Constructing a combinatorial risk score from disease signatures is a more complex challenge than a conventional polygenic risk model—the latter assumes that all features (SNPs) act independently, whereas combinatorial disease signatures are often inherently correlated due to the sharing of SNP genotypes. Machine learning approaches can disentangle this complexity and non-independence and combine features such as disease signatures and their component SNP genotypes into a single predictive model. Although the small sample size of the AoU dataset is sufficient to train a combinatorial risk score using machine learning, a third (currently unavailable) independent dataset would be required to properly evaluate the relative increase in long COVID prevalence between subsets of patients flagged as having high and low genetic susceptibility.

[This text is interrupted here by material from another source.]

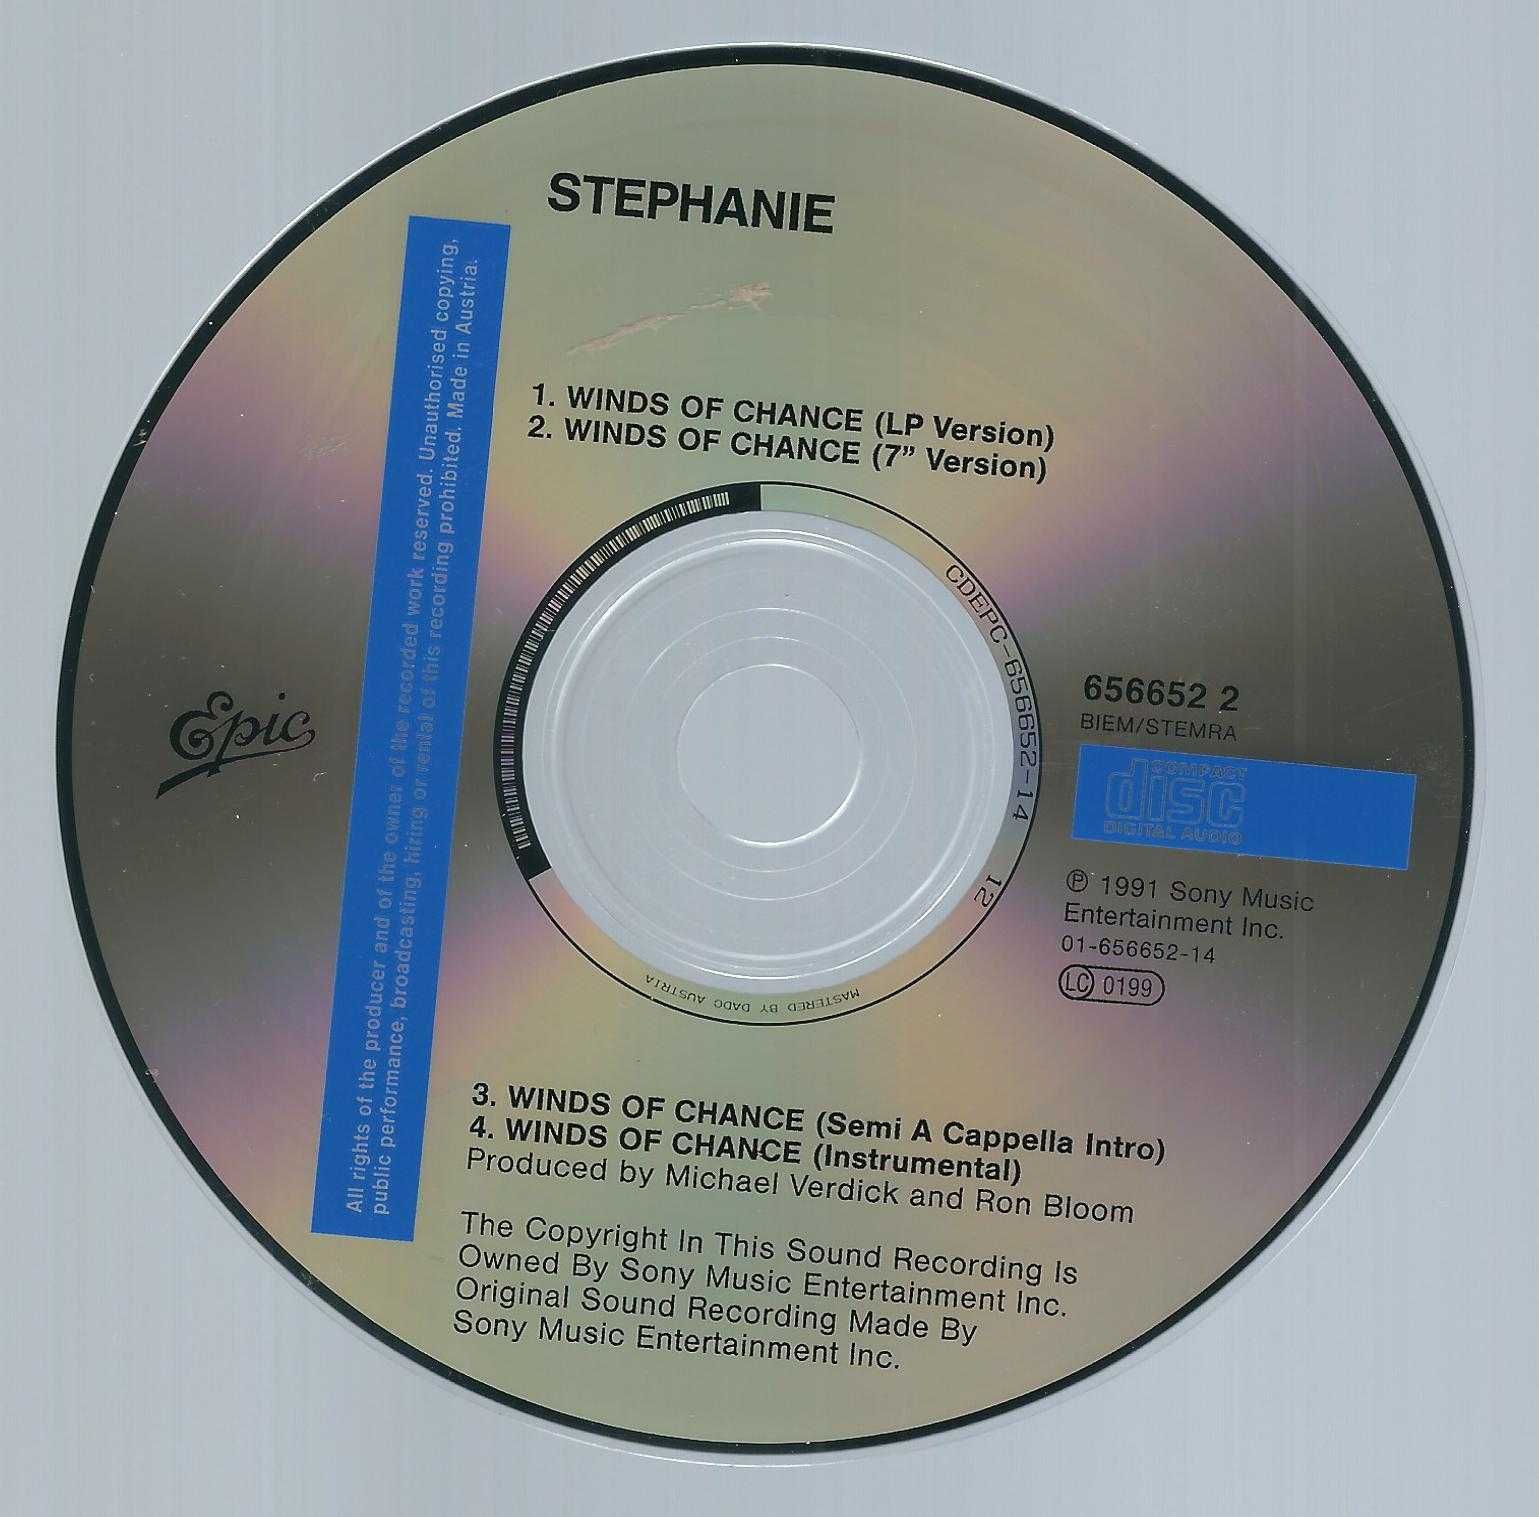 Maxi CD Stephanie - Winds Of Chance (1991) (Epic)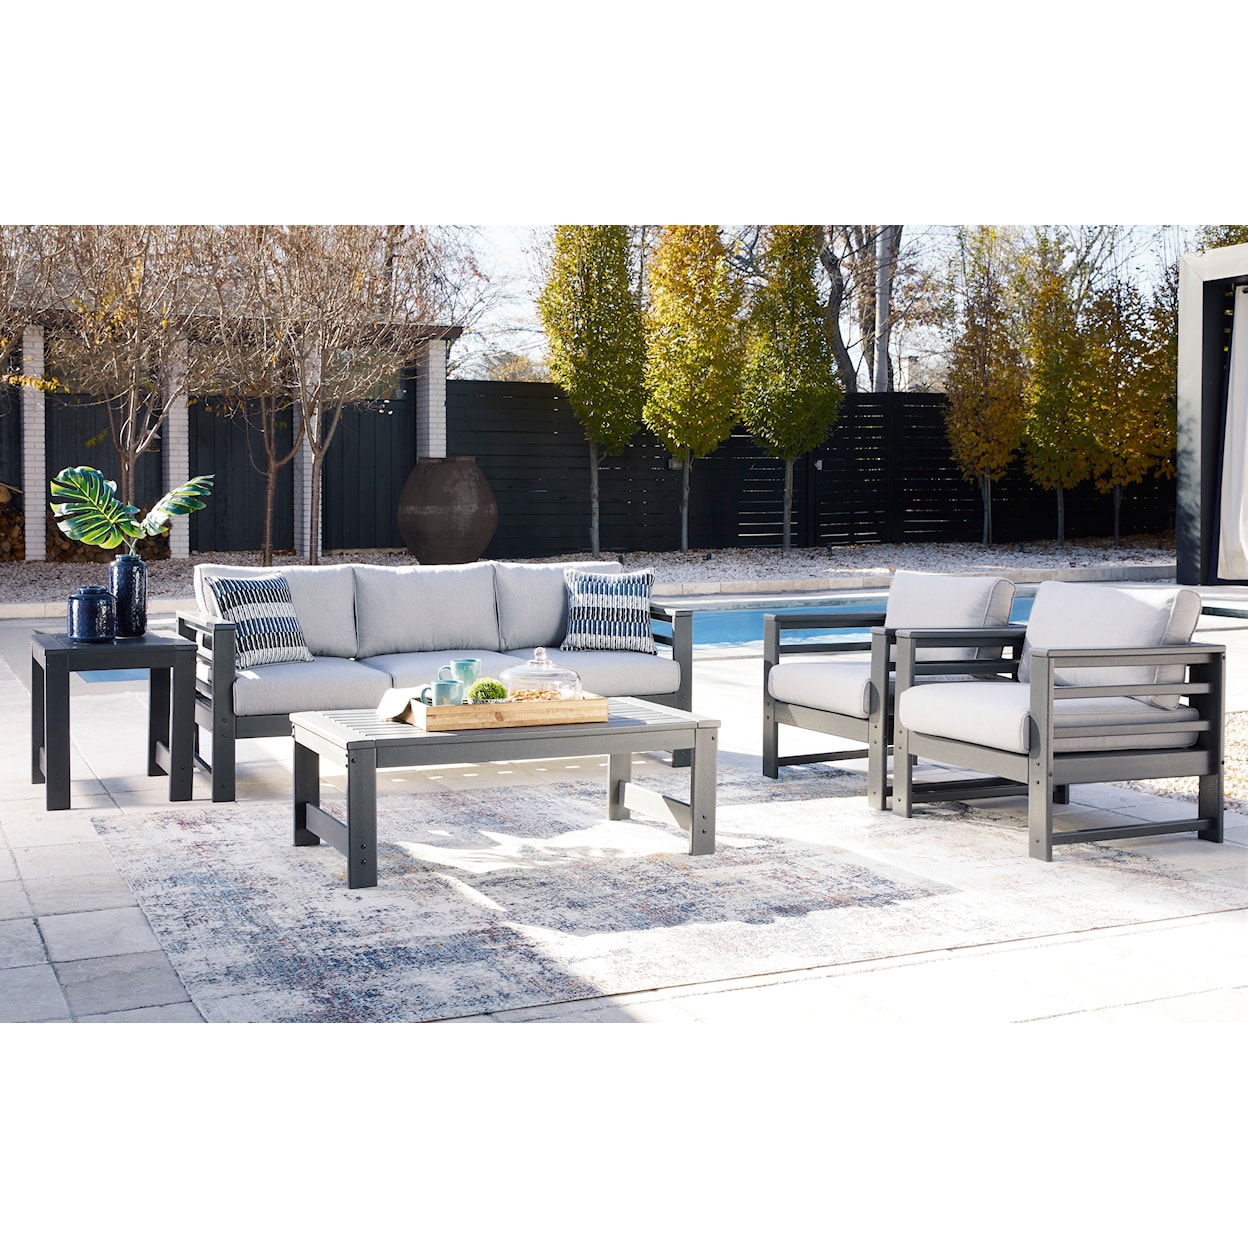 Benchcraft Amora Outdoor Coffee Table

Finally, the set of replicating disease signatures can be used to mechanistically stratify patients based on the causative etiologies most likely associated with their form of long COVID. This first entails assigning disease signatures to one or more mechanism-of-action (MoA) cluster(s) based on the gene(s) associated with the component SNP genotypes. We can then assess whether a patient has a significant excess or lack of disease signatures associated with a given MoA relative to the distribution of signature counts in the larger long COVID community. In essence, this mechanistic stratification tool is comprised of multiple combinatorial risk scores, each for a different set of mechanism related disease signatures. This can provide insight in the clinic into the selection of therapies that are matched to a patient’s personal genetic makeup.

Unlike standard risk scores, which can be used to inform public health applications but provides more limited utility for personalized precision medicine [61], a mechanistic stratification tool would potentially ultimately enable healthcare practitioners to identify individualized treatment regimens including single- or multi-drug therapies that are most likely to generate a positive outcome for a given patient. In the case of long COVID these mechanistic insights also have other potential applications, as the Taylor et al. (2023) combinatorial analysis also found evidence for substantial overlap in disease biology between long COVID and myalgic encephalitis/chronic fatigue syndrome (ME/CFS)30.